Hearing his boys talking, Joe Ward began to shout for their help. Frank immediately started toward him.
“Don’t,” warned Mason.
“Or my dog will chase you. And believe me, you don’t want that.”
Frank glanced apprehensively at Bowie and then back at Karl.
“What do I do?”
“Marshal,” said Karl, “you ain’t got no right to hold our pa like that.”
“You men have been committing violence against the people of Ashland. I’m here to put an end to it.”
Max leaned over and whispered something to Karl. The man nodded slightly.
Mason readied himself. Seventy-five feet was too far to get all three before they could draw and fire, but he could damn well plug the first one to go for a gun. Bowie also sensed the change in their posture and began to move in.
A shot sounded from behind Mason, and a chunk of the wall exploded next to Karl’s head. The Wards immediately drew their weapons and began firing wildly in the direction of the gunshot. A bullet grazed Mason’s cheek, leaving a bloody burn to mark its passing.
Mason dropped to the ground and rolled onto his back as he searched for the shooter. Fearing that he had been hit, Bowie raced over and began to tug on his collar.
“Lie down, boy,” Mason said, pulling the dog down next to him.
More gunshots sounded as the Wards fought their way back into the Paramount. As soon as the door closed, the gunfire stopped.
Mason eased his Supergrade from its holster and waited. If the sniper had wanted him dead, bullets would still be flying.
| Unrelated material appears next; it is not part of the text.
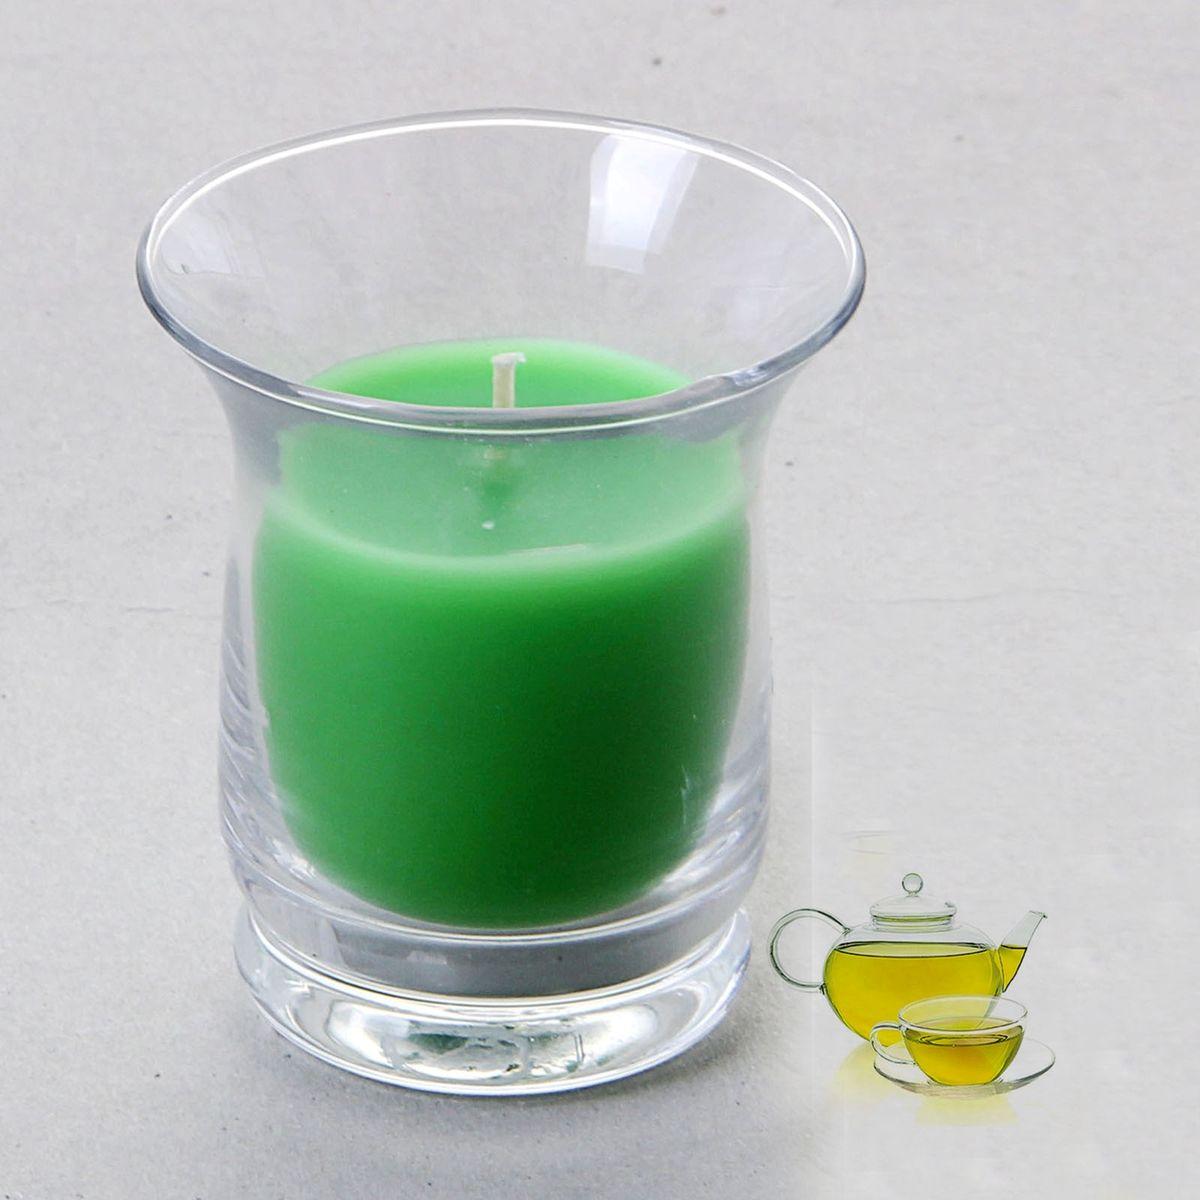 Свеча ароматизированная Sima-land Романтика, с ароматом зеленого чая, цвет: зеленый, высота 7,5 см849622Ароматизированная свеча Sima-land Романтика изготовлена из воска и расположена в стеклянном стакане. Изделие отличается оригинальным дизайном и приятным запоминающимся ароматом.Свеча Sima-land Романтика - это прекрасный выбор для тех, кто хочет сделать запоминающийся презент родным и близким. Она поможет создать атмосферу праздника. Такой подарок запомнится надолго.
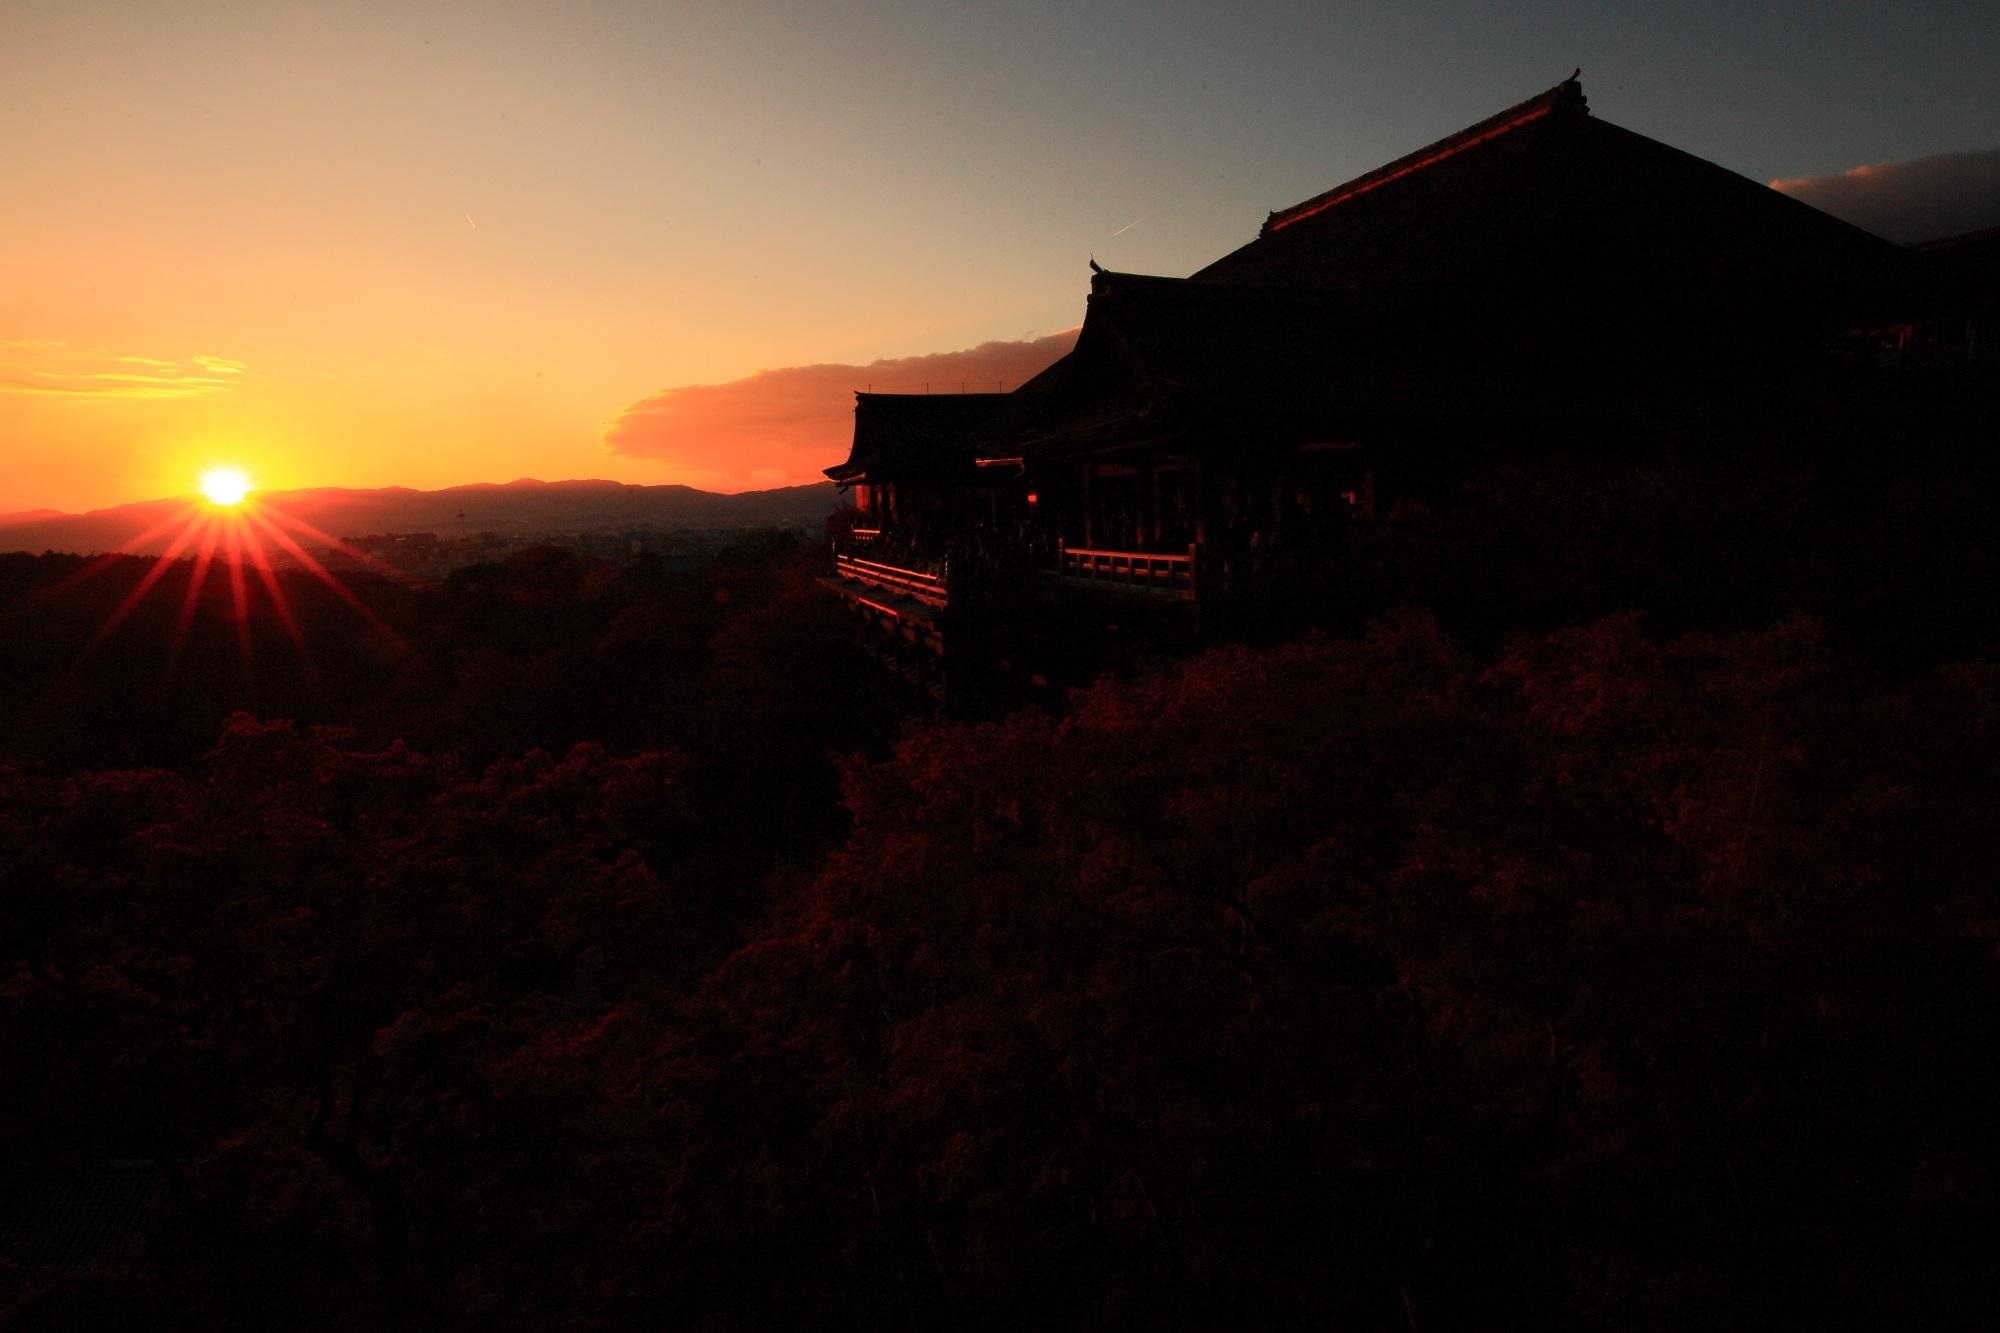 清水寺の美しすぎる本堂と夕陽

After about thirty seconds, a lone figure slowly stepped out from the health center across the street.
It was Connie West.
Mason stood up and raced toward her.
“What are you doing?” he snapped, ushering both her and Bowie behind a nearby van.
“What do you think I’m doing? I’m getting my revenge, just like I told you I would.” She chambered another round in the deer hunting rifle. “No one’s going to take that from me. Not even you, Marshal.”